Ибрагим шутовски поклонился.

– Конечно. И как только мы найдем твой магический прах, и отнесем его пророку, и найдем эту твою волшебную книгу, тогда может, ты ответишь мне на один маленький вопрос?

Исаак поднял взгляд на него.

– Какой вопрос?

– Скажи мне, зачем, во имя Пророка, я согласился сопровождать тебя, как мальчик на побегушках? Я мог быть в тысяче лиг отсюда, играть в шахматы с одним подающим надежды молодым ученым, а вместо того я шатаюсь по какой-то заброшенной скотобойне с чудаком, который ищет ключ к своей библиотеке в чьем-то прахе! Аллах, спаси меня от сумасшедших, и вдвойне спаси от мертвых сумасшедших.

Покачивая головой, Исаак пропускал прах сквозь свои пальцы.

– Ты здесь, дон Ибрагим, потому что ты человек чести. А еще потому, что я спас твою благородную жизнь, когда ты был молод, слаб и менее бестактен, чем сейчас. А сейчас ты сделаешь мне большое одолжение, если проявишь уважение к старшему по крови и помолчишь то мгновение, пока я найду нужное мне. А затем мы сможем оставить эту чумную дыру, именуемую городом, твой долг мне будет исполнен, и мы сможем более не видеться. Если конечно, ты не захочешь увидеть, чем все закончится.
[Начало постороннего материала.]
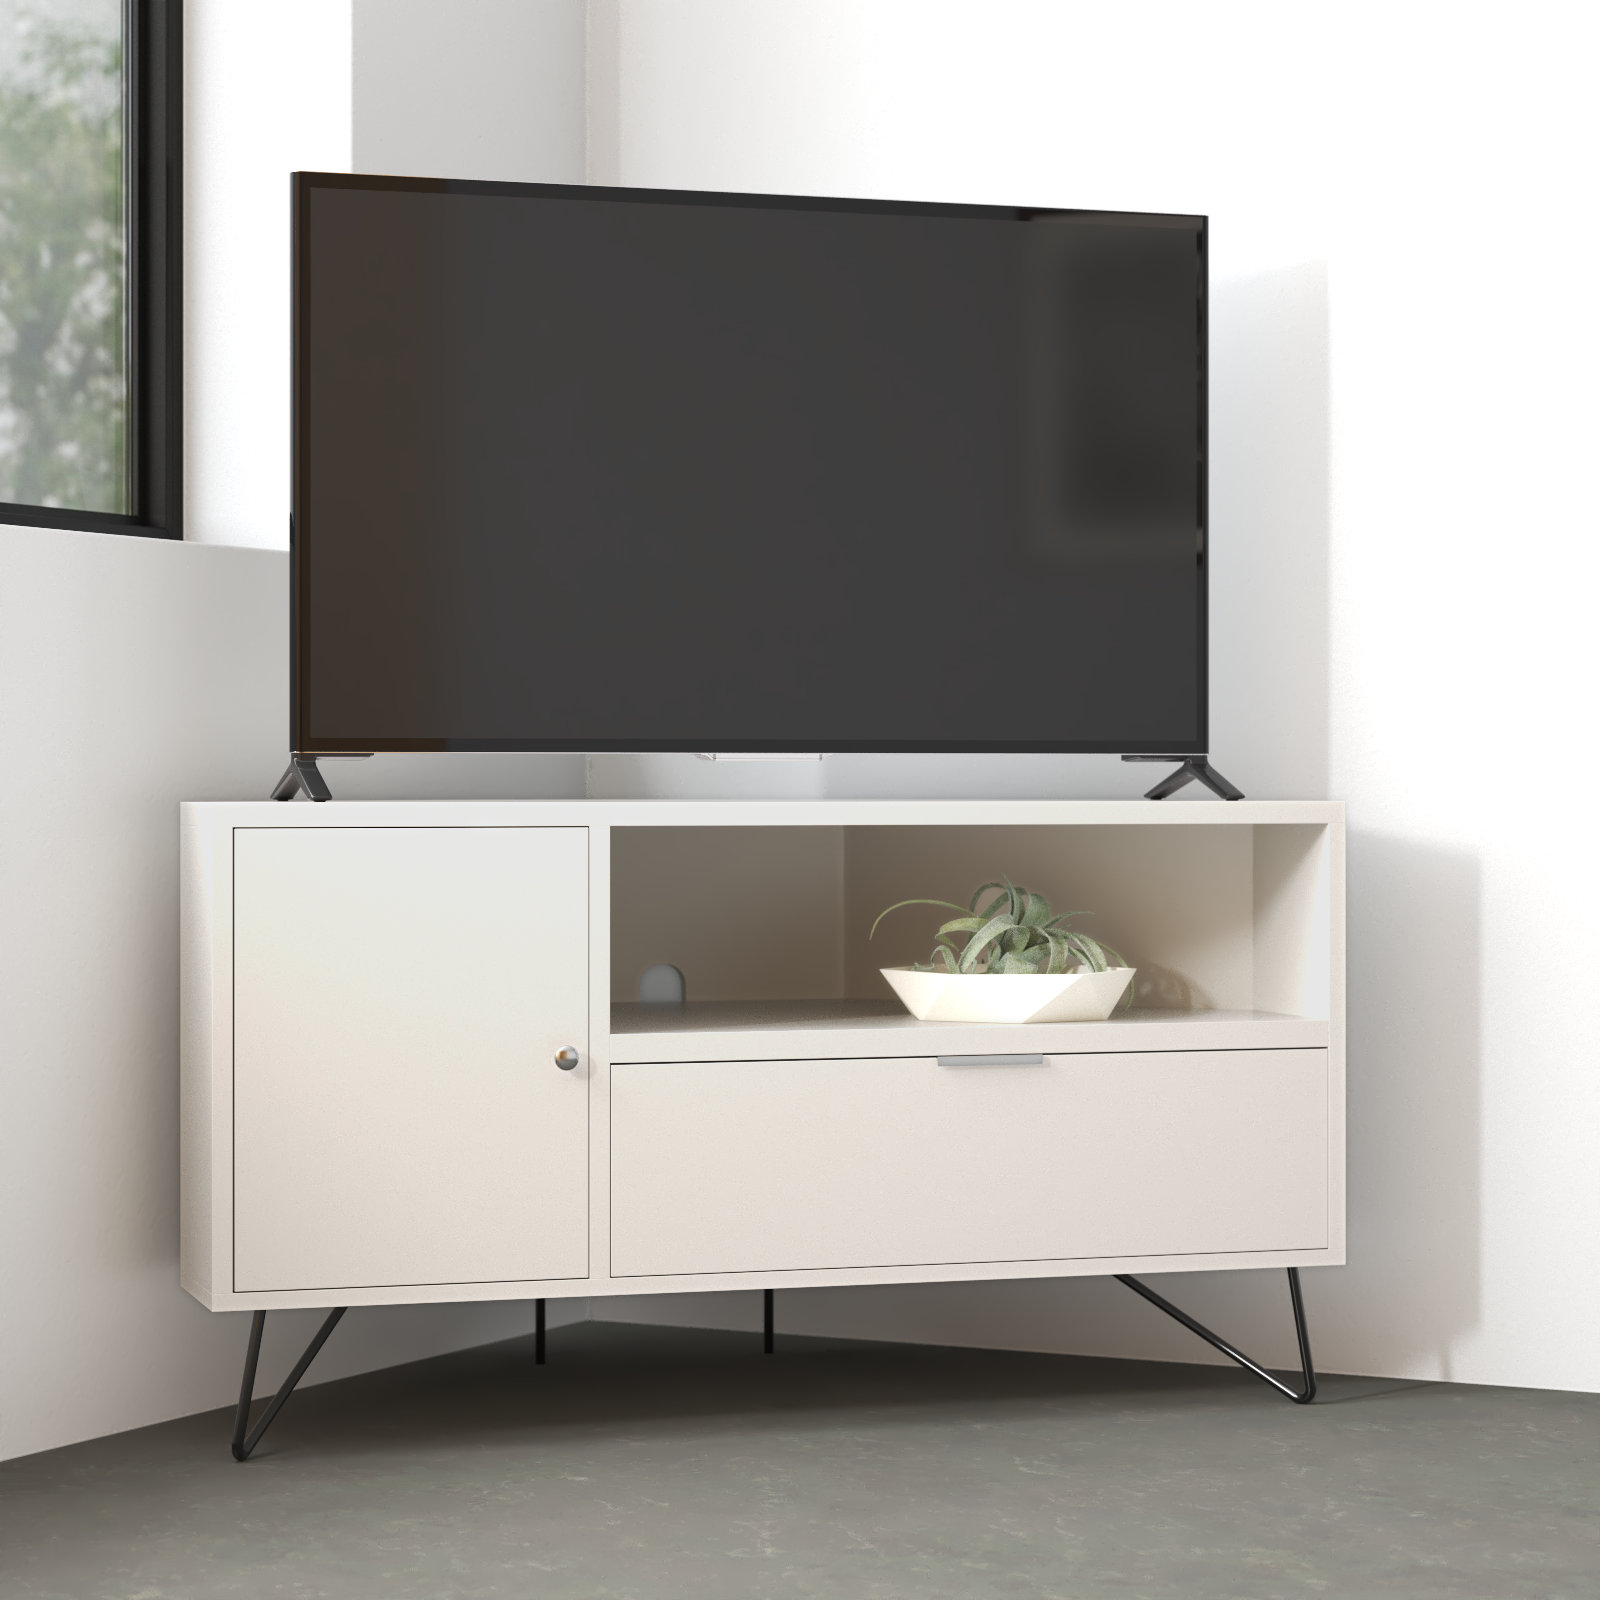 Meuble TV d'angle BLU-RAY - design - VAZARD home

– Сейчас все, что я хочу, – увидеть, как стены Сеуты удаляются. Поторопись.

– Терпение, друг мой. Ты же не хочешь, чтобы я поторопился и допустил ошибку. А потом вернулся сюда и начал все сначала. Ах, вот и все, – проговорил Исаак, зажав в пальцах щепотку серой пыли с земли. Он осторожно дотянулся до своей сумы ученого и вытащил оттуда керамическую фляжку. Откупорив ее длинными, тонкими пальцами, он позволил щепотке праха скользнуть внутрь. Так он проделал трижды, и Ибрагим, сначала заинтересовавшийся, заскучал и вернулся к наблюдению за окрестностями.

Удовлетворившись, Исаак закупорил последнюю из фляжек и уложил их обратно в суму.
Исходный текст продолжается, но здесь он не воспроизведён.